Marisa nasceu preta e favelada.

Virou doméstica, diarista, ambulante e foi se virando que conseguiu dar pro filho um casaco e um boné de marca. 

Tem menino que quer ir pra Disney. 

Tem menino que quer ir num jogo da Champions. 

O dela queria vestir o boné e o casaco da vitrine. 

Foi o vizinho que acordou Marisa. Corre lá que os PMs tão dando um esculacho no seu filho e na sua filha. 

Marisa salta da cama e chega na cena de pijama. Meus filhos não são traficantes, não senhor. Essas roupas de marca eu comprei na prestação. Sou trabalhadora, aqui não tem nenhum bandido.

A roupa é do shopping, mas e o radiocomunicador, heim?
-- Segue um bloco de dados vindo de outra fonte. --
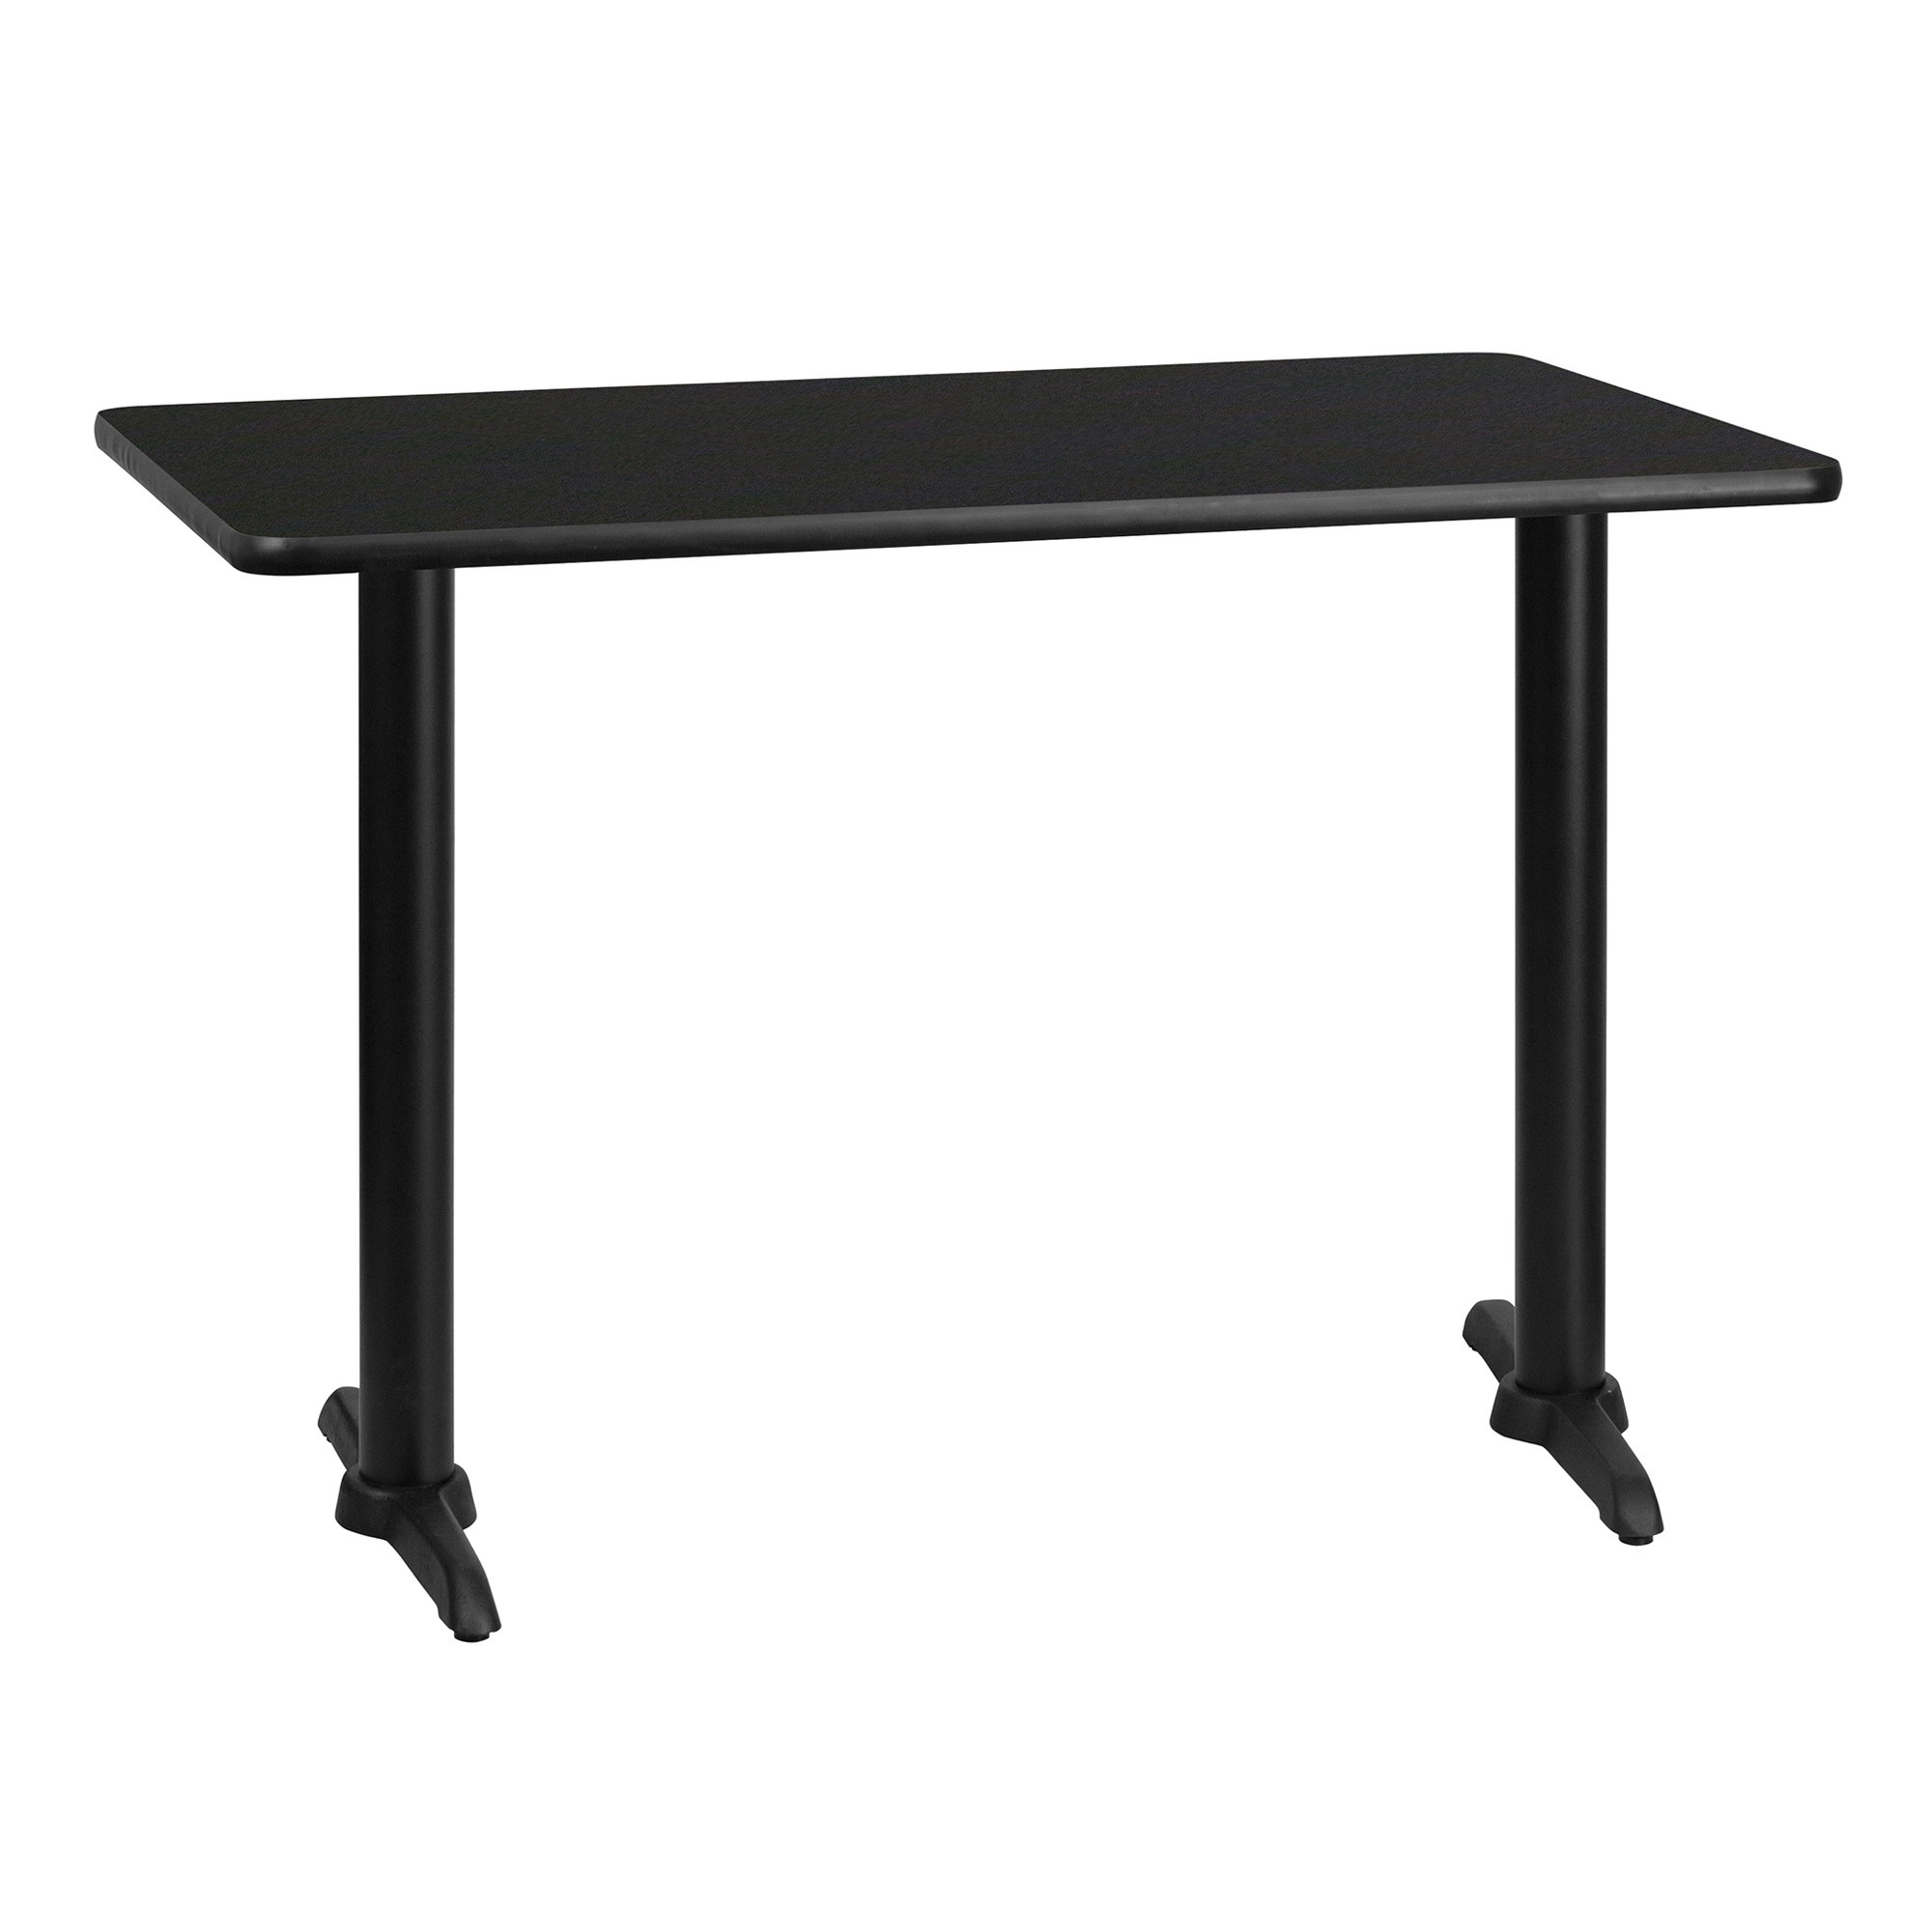 Flash Furniture 42Inch L x 30Inch W Table with Laminate Top and T-Base â Reversible Black/Mahogany Top, Model XUBK3042T0522

Tem rádio aqui não, senhor.

O PM resolve aplicar sua própria justiça. Manda Marisa bater nos filhos. Senta mão neles, mas senta forte, que senão batemos nós.

Marisa nega. Nunca bati em filho meu, não vai ser agora, senhor. Eles não fizeram nada.

Os PMs ficam putos. Um deles vem por trás e dá uma coronhada de fuzil na nuca de Marisa. Ela cai e eles partem. Piranha.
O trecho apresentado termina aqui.